- **TASK INPUT**:
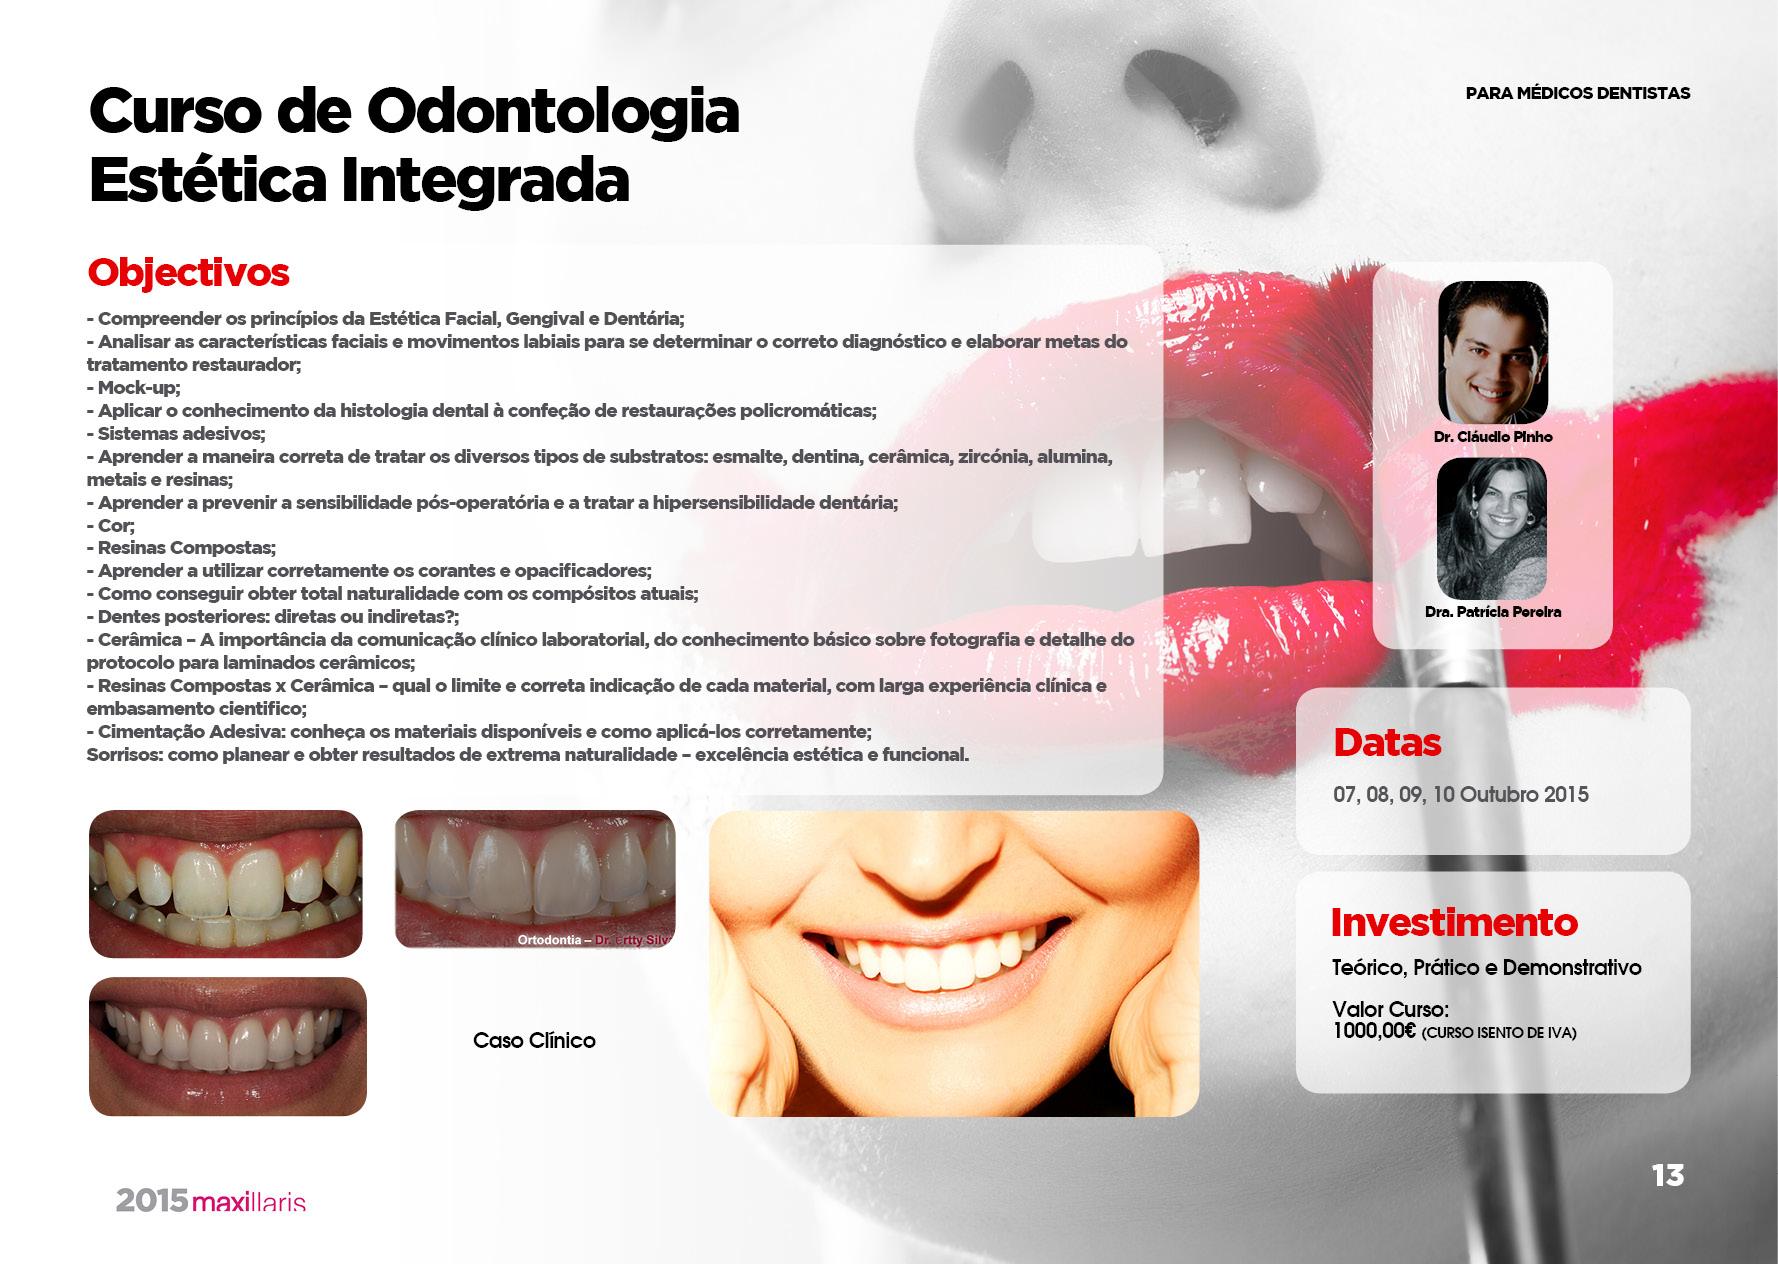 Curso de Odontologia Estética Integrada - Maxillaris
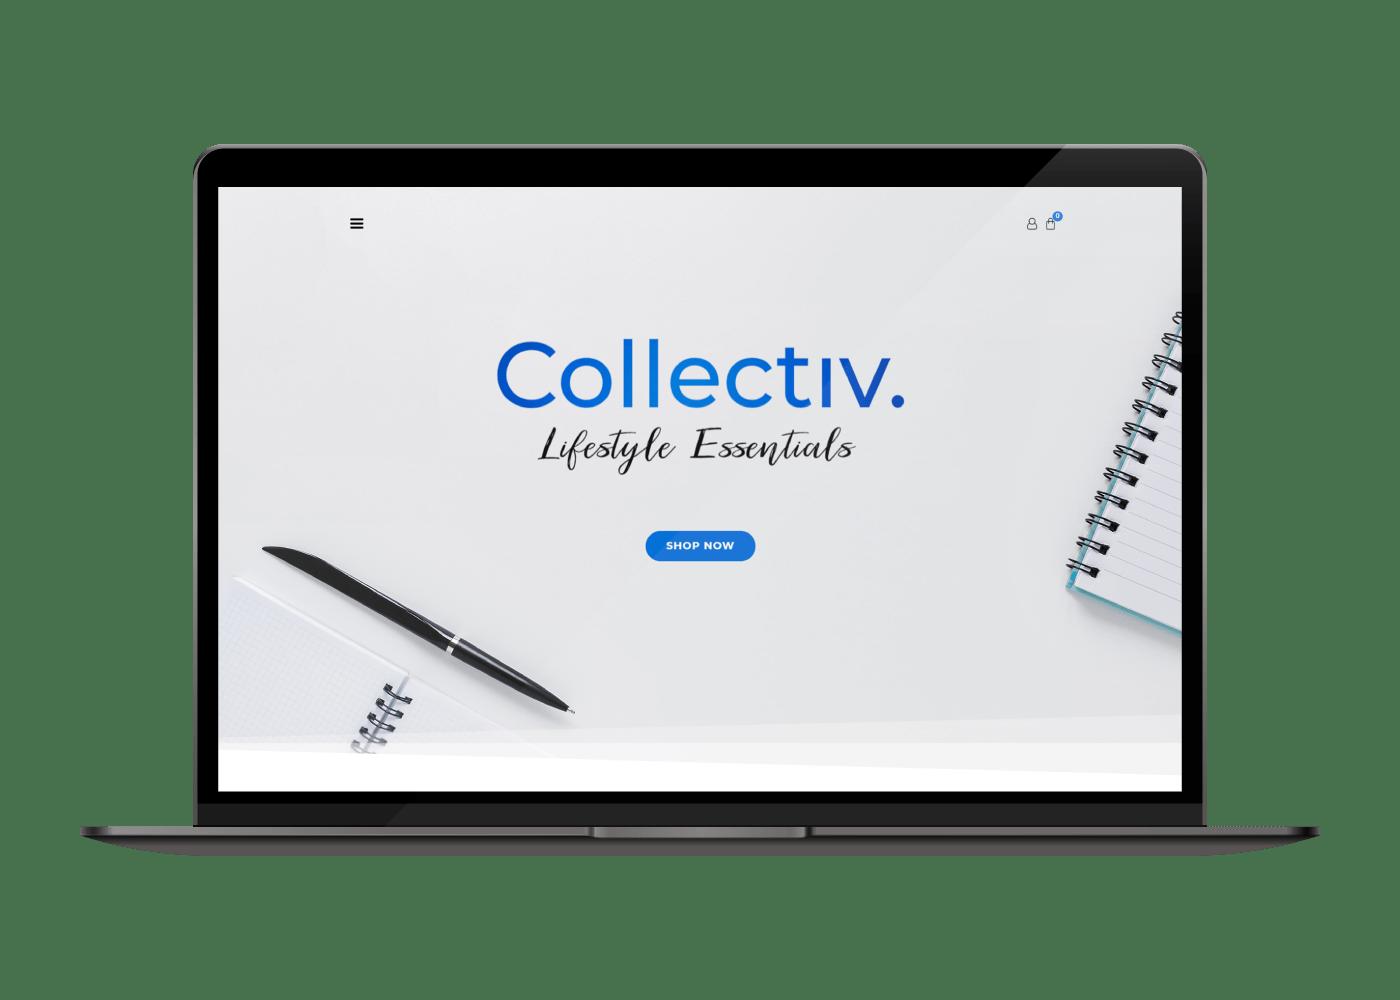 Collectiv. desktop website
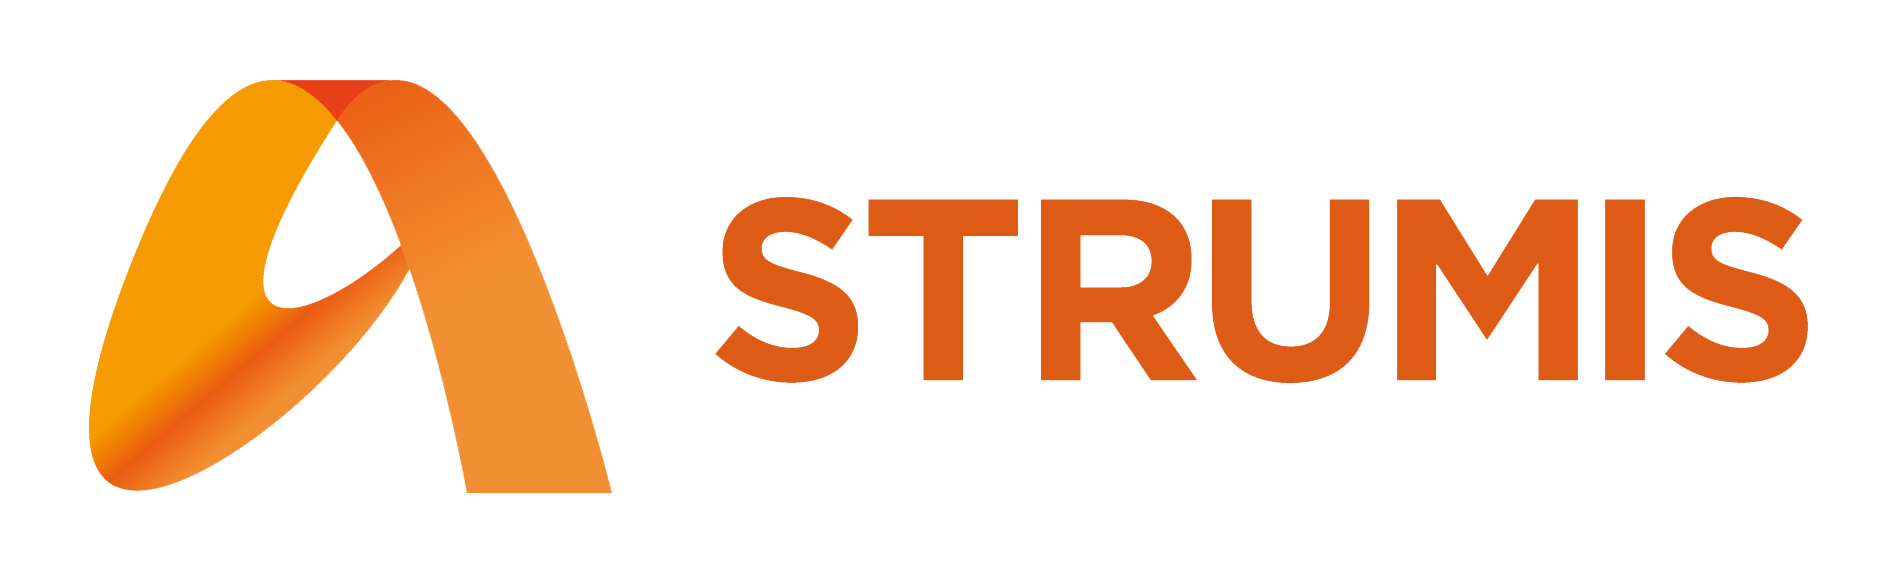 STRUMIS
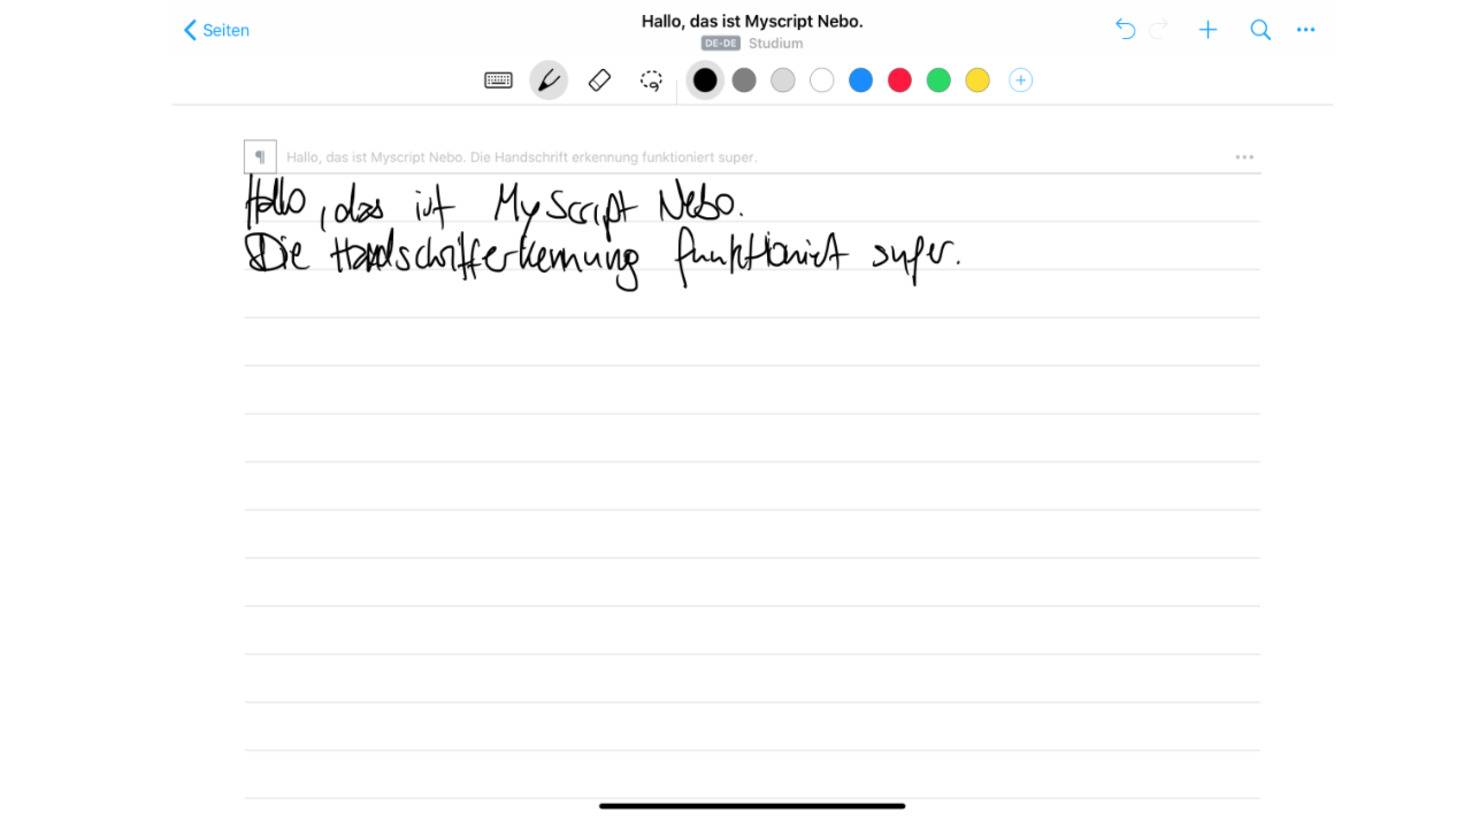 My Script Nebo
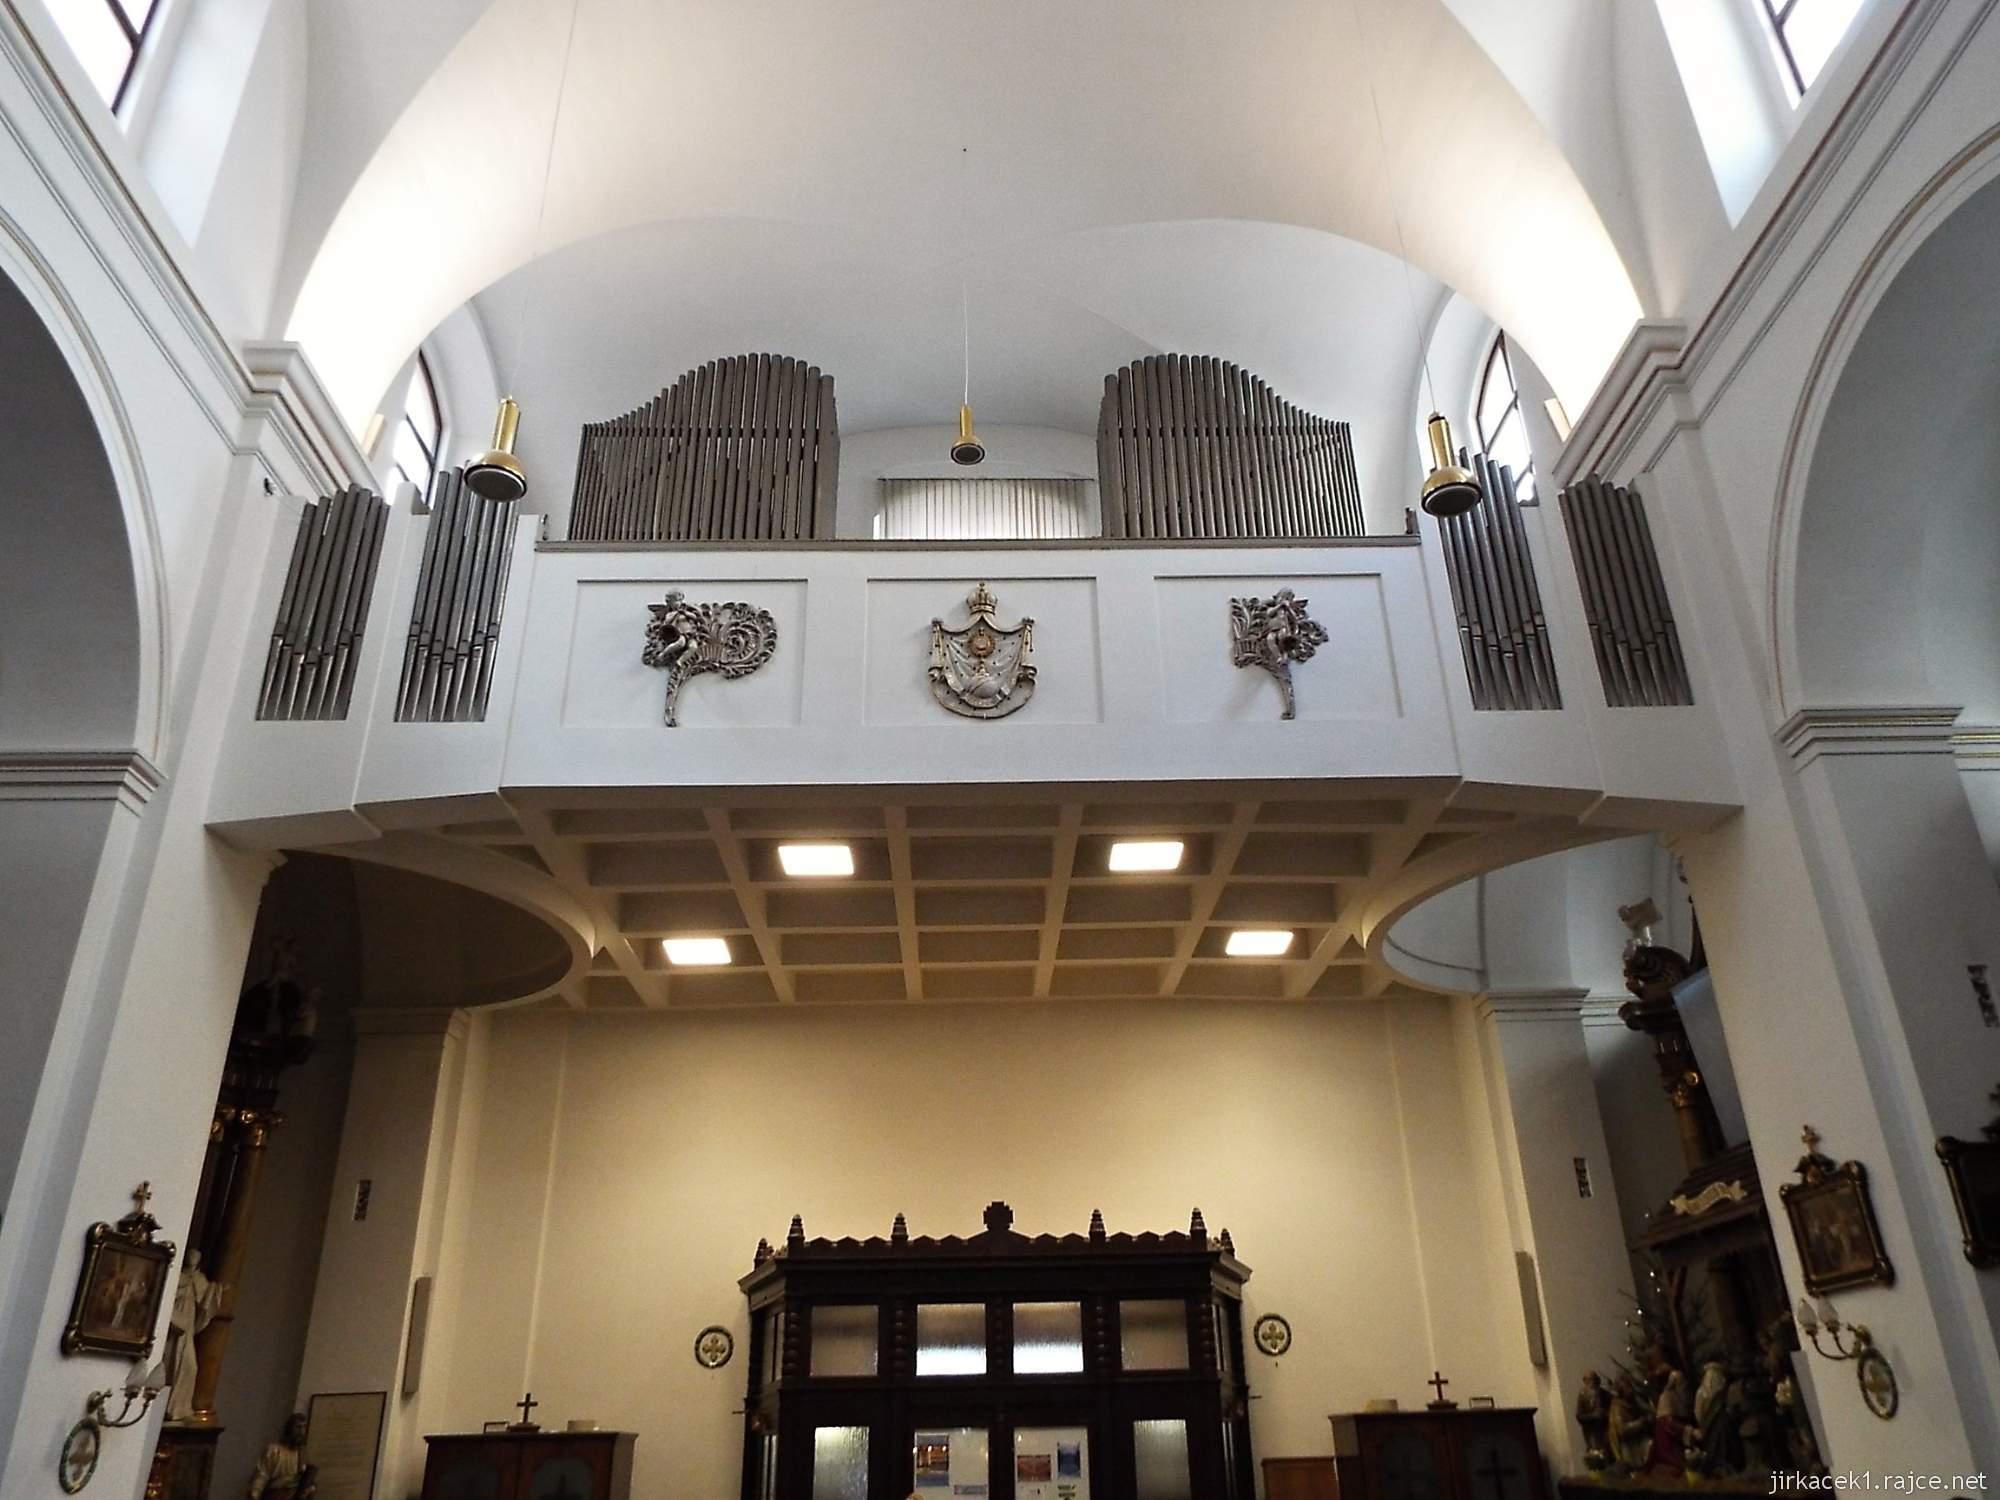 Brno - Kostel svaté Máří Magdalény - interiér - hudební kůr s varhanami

- **WHAT THE EXERCISE ASKS**:
Working from the line containing "My Script Nebo" to the last line of the data, retype every line exactly, both ends included, and leave out all pictures.

- **RESPONSE AREA**:
 My Script Nebo
 Brno - Kostel svaté Máří Magdalény - interiér - hudební kůr s varhanami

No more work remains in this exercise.